PHILADELPHIA (PA)
Philadelphia Inquirer
By Marie A. Conn
We are not even to the midterm point of this fall semester, and one of my seniors has already dug herself into a hole so deep that she may not be able to salvage the course. The remarkable thing is her uncanny ability to blame everyone else for this dire situation: me, her internship supervisor, the athletic director. Any target will do, so long as it keeps her from facing the problem squarely and taking responsibility for it. And, sadly, this should not surprise me.
After all, when District Attorney Lynne Abraham published the grand jury report on the sexual abuse by priests in the Philadelphia Archdiocese, Cardinal Justin Rigali cried anti-Catholic bias. And when House Majority Leader Tom DeLay was indicted, he cried partisan politics. On every level of our society, the response to difficult situations is to focus attention, not on the issue, but on those who make it known.
Perhaps there is nothing new in this. Children, whose primary moral compass consists in earning praise and avoiding punishment, learn early on to blame someone else. But in my world, it was up to the adults involved to point out that this is not the best way to handle things. The adage "honesty is the best policy" used to actually mean something.

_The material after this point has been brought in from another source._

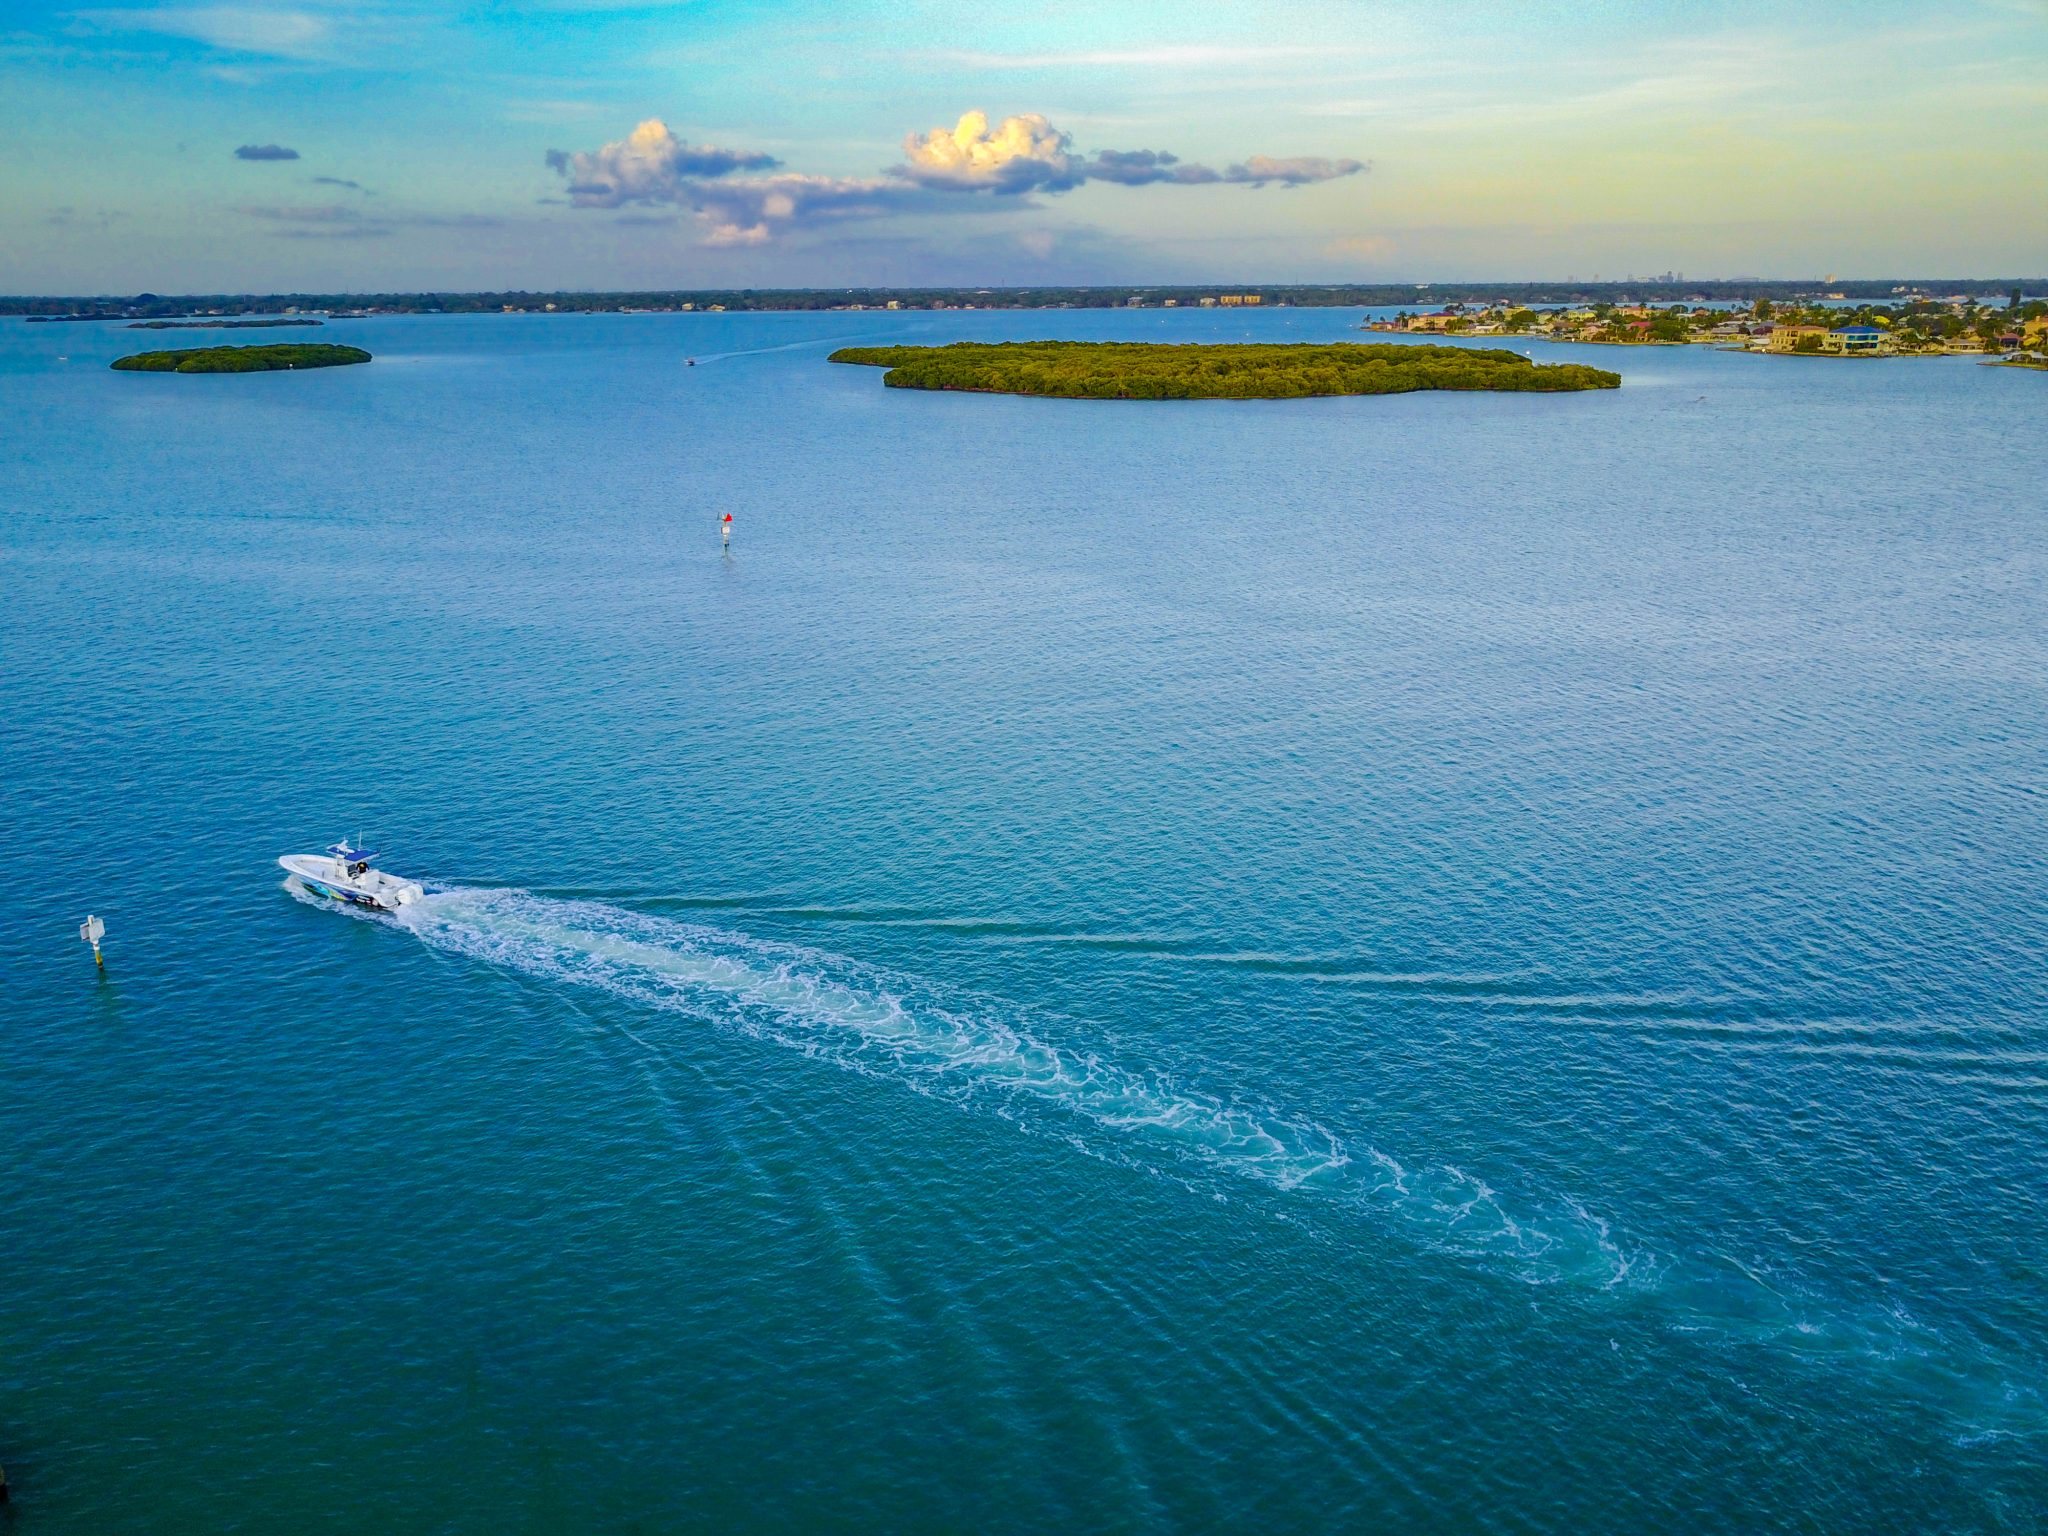 Drone shot over Boca Ciega Bay in Clearwater, Florida

And perhaps one of the most negative aspects of playing "the blame game," as the media love to call it, is that it requires a level of hypocrisy that is almost as bad as the original action or behavior itself. Although I can never enter into the emotional, physical, psychological and spiritual pain endured by the victims of priest abuse, or understand the suffering of the many decent and dedicated priests in our diocese, I can feel the sting of betrayal on the level of an active, lifelong Catholic who loves her church.